Another employee/witness who testified at trial was Eddy Ferguson, who was a department manager at Wal-Mart and who also was eating lunch in the snack bar at the time of the accident. Mr. Ferguson also went to Ms. Pevey’s assistance after she fell and helped clean up her spilled drink. Mr. Ferguson testified that he did not see any other substance on the floor other than the drink that Ms. Pevey spilled when she fell. Mr. Ferguson further testified that the floor where Ms. Pevey fell was made of white tile and he did not notice any dark, sticky substance on the floor at any time.

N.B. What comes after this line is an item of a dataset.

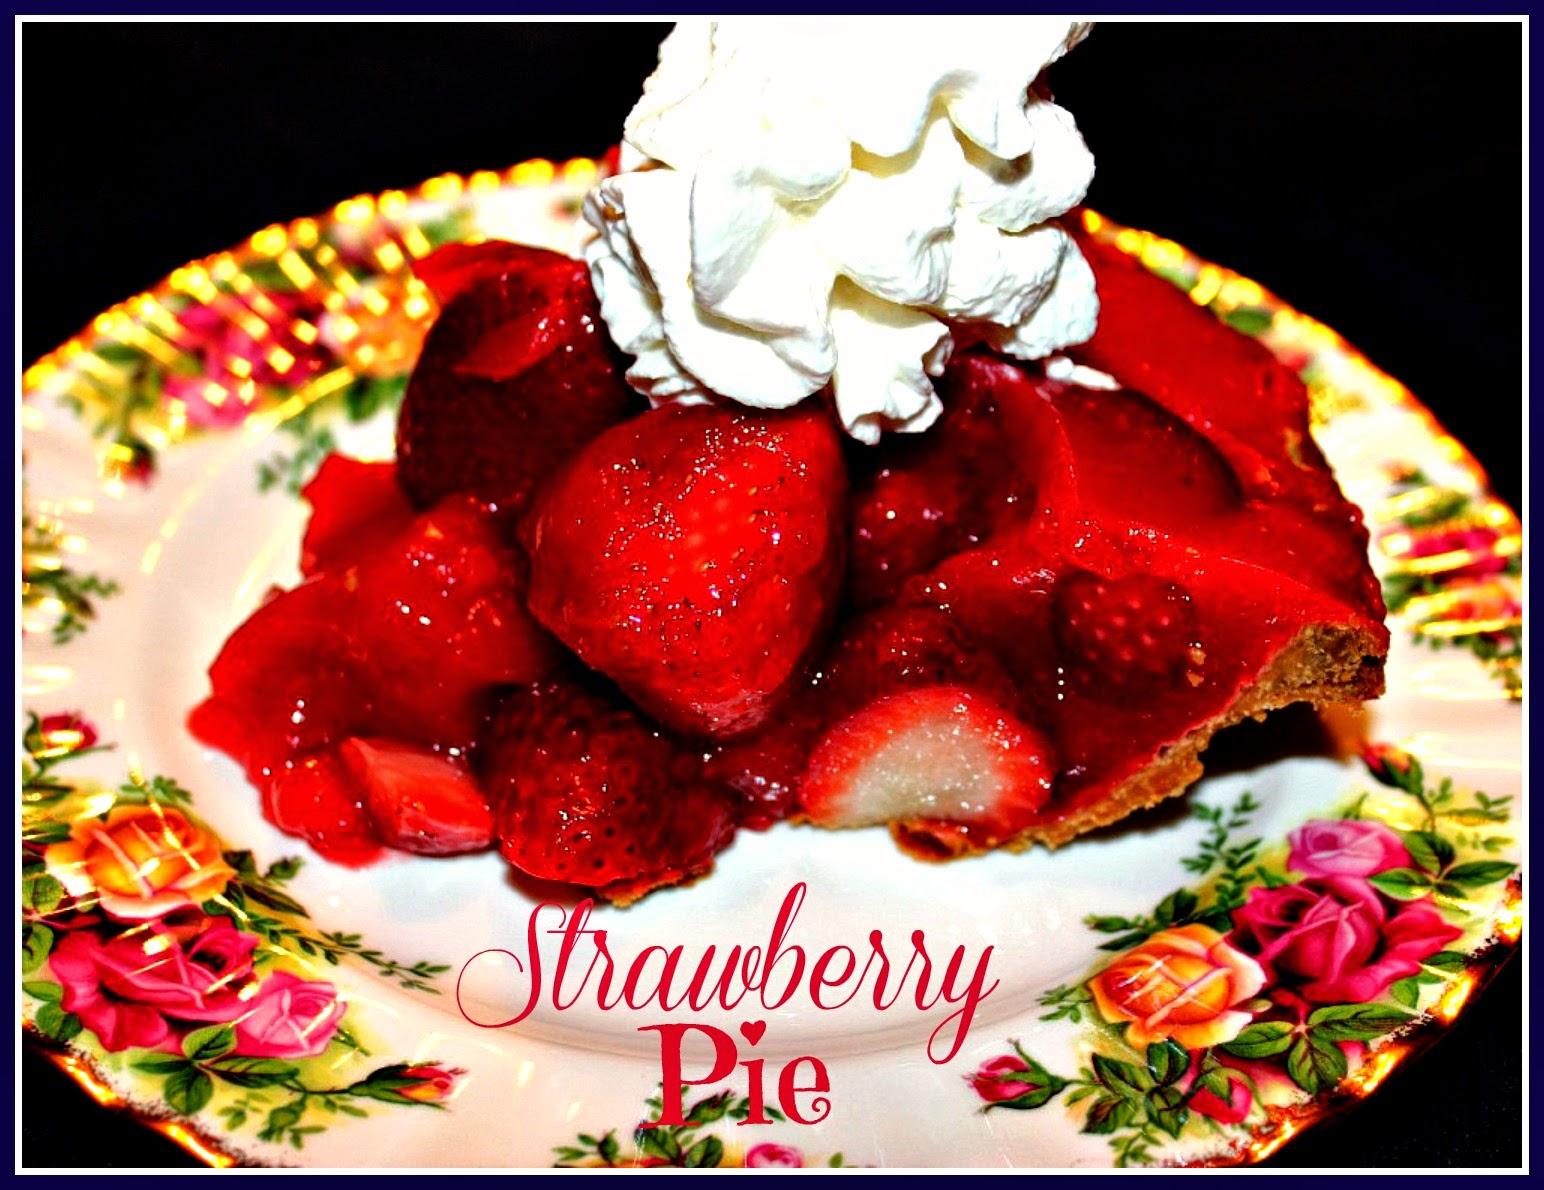 Sweet Tea and Cornbread: Fresh Strawberry Pie!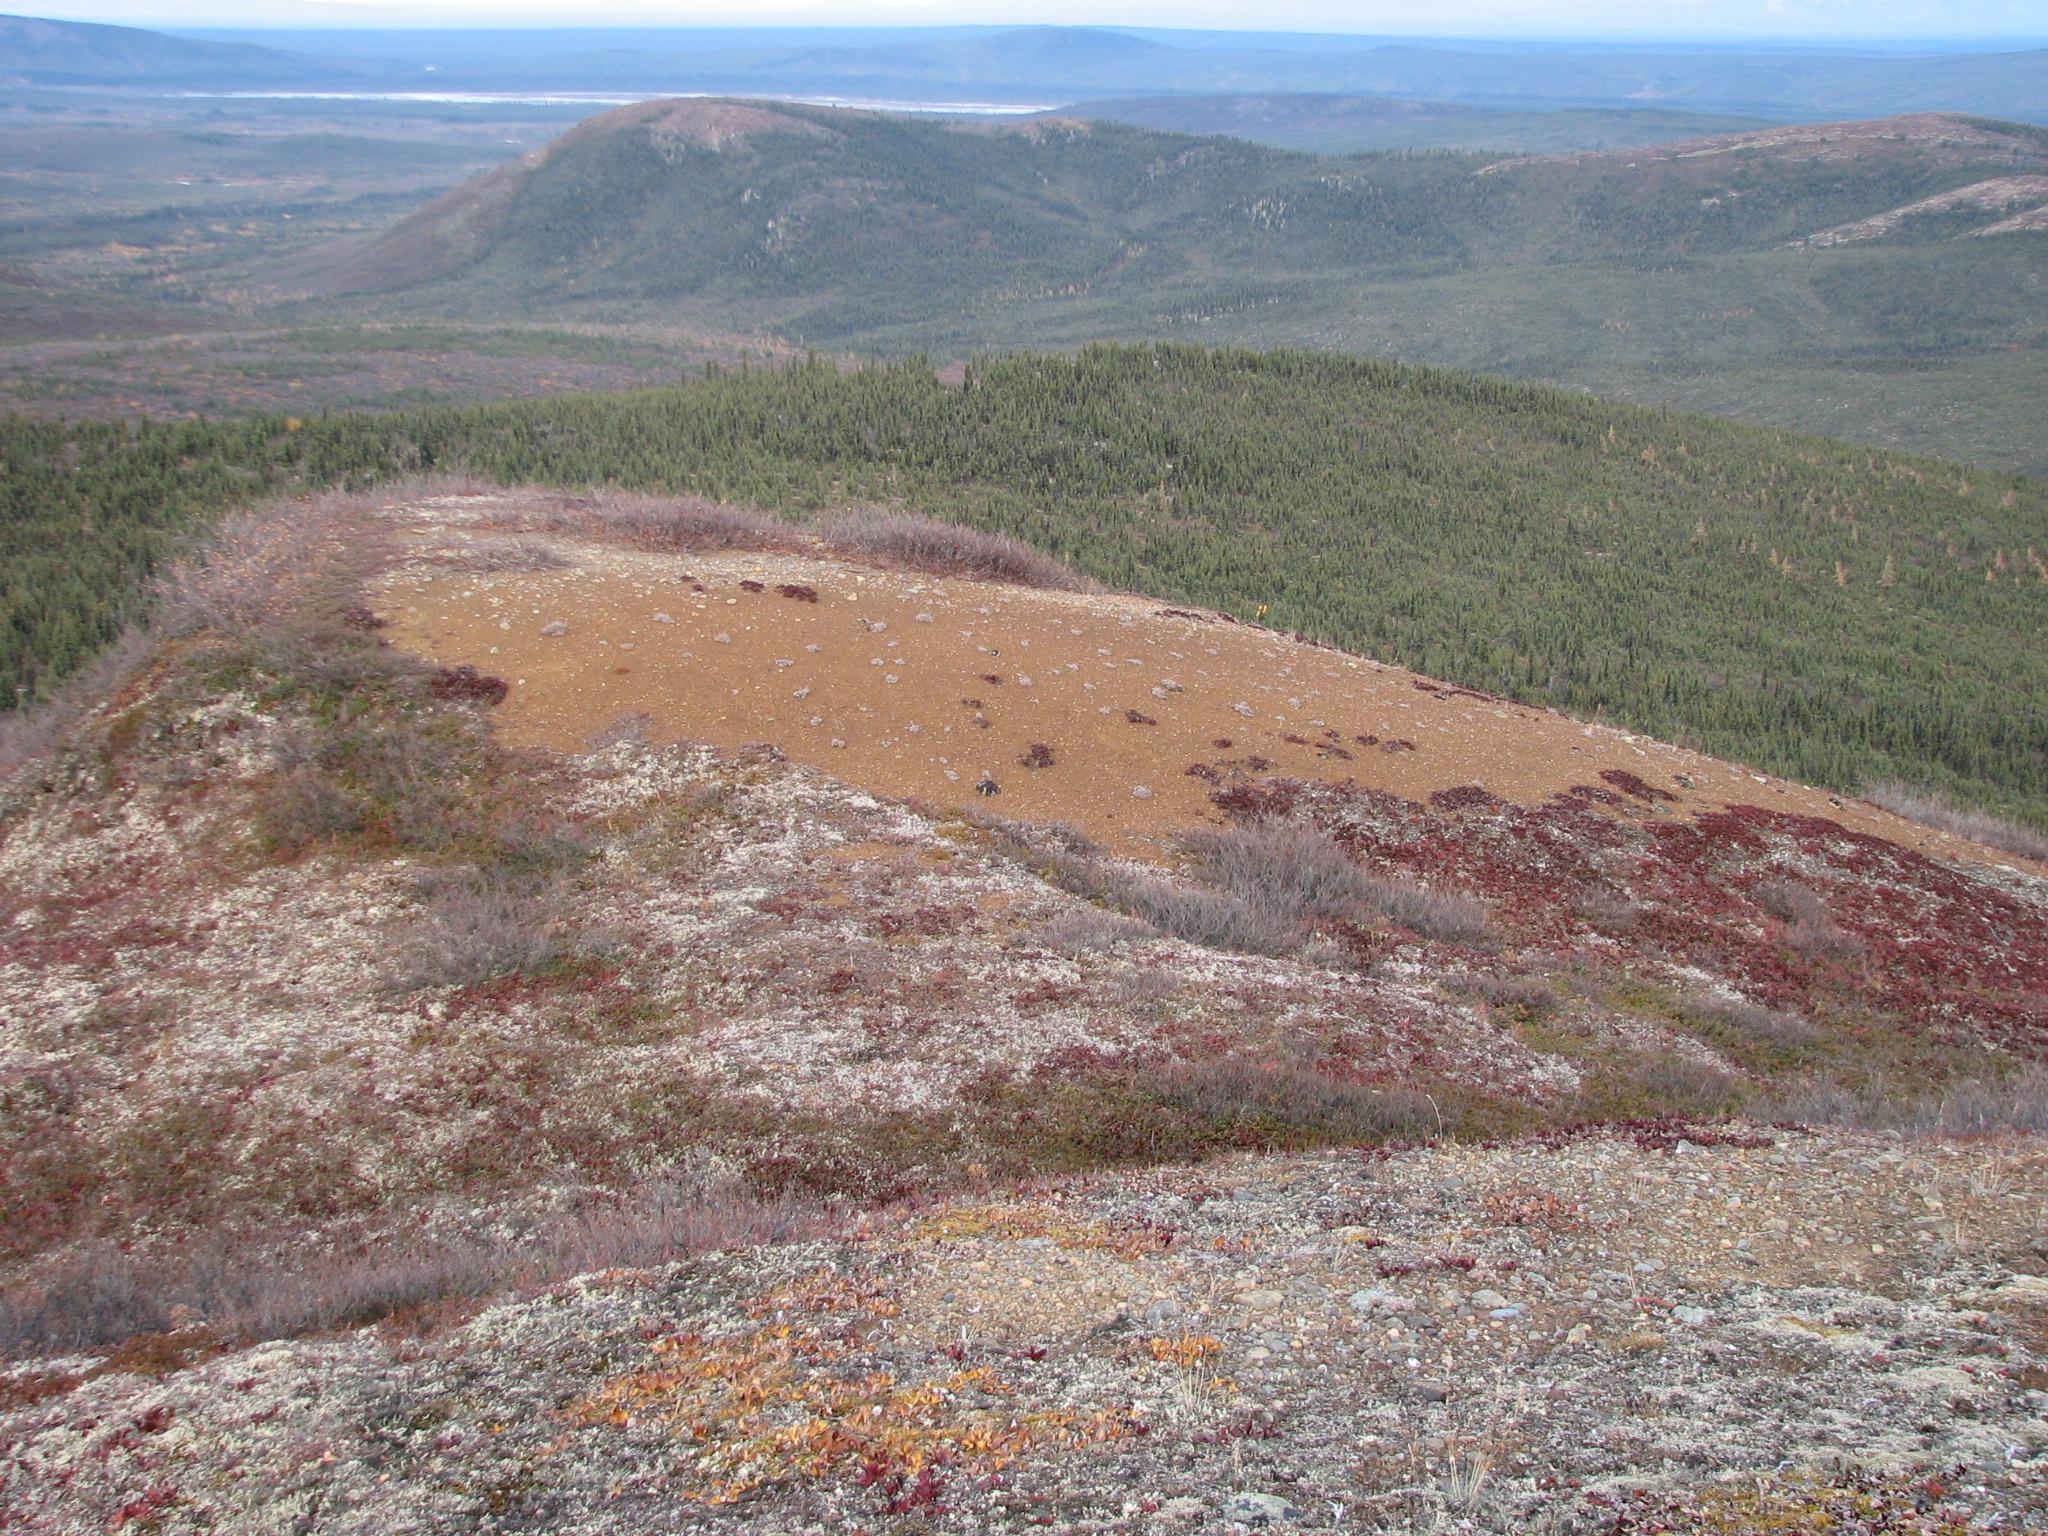 Yukon: Land with visible gossan containing silver, led, zinc, and manganese.

A reviewing court is precluded from setting aside the trial court’s findings of fact, absent a conclusion that the trial court committed manifest error. Arceneaux v. Domingue, 365 So.2d 1330 (La.1978). Where there is conflicting testimony, reasonable inferences of fact should not be disturbed, even when the appellate court may feel its own evaluations and inferences are as reasonable as the trial court’s. Rosell v. ESCO, 549 So.2d 840 (La.1989). “Where there are two permissible views of the evidence, the fact finder’s choice between them cannot be manifestly erroneous or clearly wrong.” Id., at 844.
After reviewing the record in its entirety, we cannot say that the trial court was manifestly erroneous in finding in favor of the defendant. Ms. Pevey’s testimony that she saw a dark, sticky substance on the floor after her fall directly contradicts the testimony of the other four witnesses who testified at trial, none of whom saw this substance. Moreover, it is reasonable to believe that if, in fact, there was a substance on the floor, then, as the trial court observed, it could have come from one of the drinks Ms. Pevey was carrying when she fell. For the foregoing reasons, the judgment of the trial court is hereby affirmed.
AFFIRMED.
. Testimony at trial revealed that Wal-Mart assigns one employee to continually walk the various areas of the store during his shift looking for spills or other potentially hazardous conditions. On the day in question, Mr. Andres was assigned to perform these duties.